А уж когда надыбал Крутаков, по ее же капризу — краденые, кажется, какие-то, неавторизованные, любительские — записи виолончельных сюит Баха — с западных камерных концертов Ростроповича (аллеманда и сарабанда, например, в одной из сюит были записаны явно прямо с микрофона на сцене в каком-то концертном зале, а другие части — чуть не кустарным, вынесенным микрофоном, судя по звуку, в совсем крошечном каком-то помещении. В нескольких сюитах некоторые музыкальные части и вообще отсутствовали, шли через одну. А в третьей сюите, судя по разному аудиофону и катастрофически разному качеству, каждая часть вообще записывалась в отдельности, в разных местах), Елене, забравшейся на Юлин подоконник с Юлиным же раздолбанным магнитофоном — и заткнувшей уши ярко-желтыми наушниками с узкими наконечниками (напоминавшими стетоскоп, которым, в плюс к пофигометру, вооружена была каряя врачиха, делавшая щедрую распродажную скидку на давление) — казалось, что мечтать в жизни после этого неслыханного счастья в общем-то больше почти и не о чем.
На другой стороне переулка солнце, отражаемое окнами Юлиного дома, клеило медовые римские цифры как попало, на блеклые трещины дома напротив, метя меж окон — но иногда мажа, и провоцируя тройной пинг-понг. А когда Елена раскрыла левую створку окна — с ее руки через весь переулок ярко перемахнула огромная жар-птица — и села на стену противоположного дома.

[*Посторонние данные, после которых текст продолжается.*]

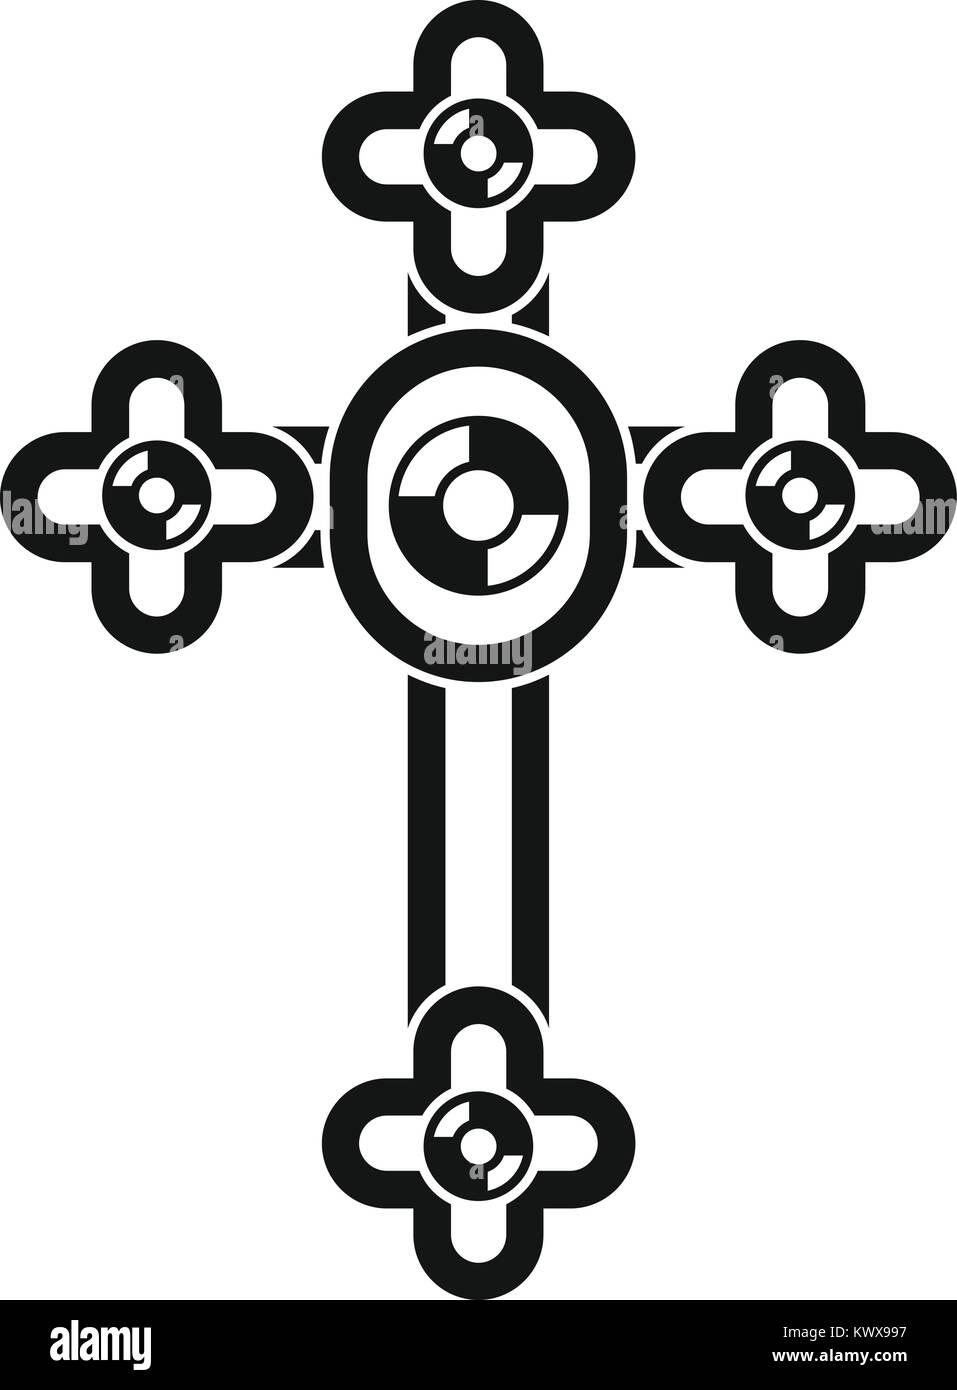 Cross with diamonds icon, simple style - Stock Image

Запись начиналась с прелюдии второй сюиты — и Елена разом позабыла, что кроме нее еще есть кто-то в комнате, на свете. Виолончельная грусть разом заставила все звучать внутри — в диссонанс с солнечным жарким днем, игривые блики которого видела перед собой за окном. Начался растерянный, умный и грустный диалог — и, неожиданно, Крутаков — находившийся от нее в нескольких метрах, валявшийся, почитывавший, как обычно, с чаем — был перенесен во внутреннее пространство — и у Елены почему-то сжалось от страха за него сердце и, вместе с ре-минорной раздумчивостью, обрывались теперь все ее внутренние струны — потому что разом как-то вдруг почувствовала, что вот эта вся Крутаковская о ней забота, весь этот Крутаковский испуг за нее, как только он видит первые признаки ее тоски, та поспешность, с которой Крутаков кидается ее утешать, подстраховывать и завивать диковинными виньетками ее внимание — являются только эхом его личного опыта, и означают ведь, на самом деле, что Крутаков сам разрушительное действие схожей какой-то (но совершенно из-за каких-то других, неведомых ей, причин возникшей) тоски испытал — и испытал сторицей — и оттого и пытается уберечь ее.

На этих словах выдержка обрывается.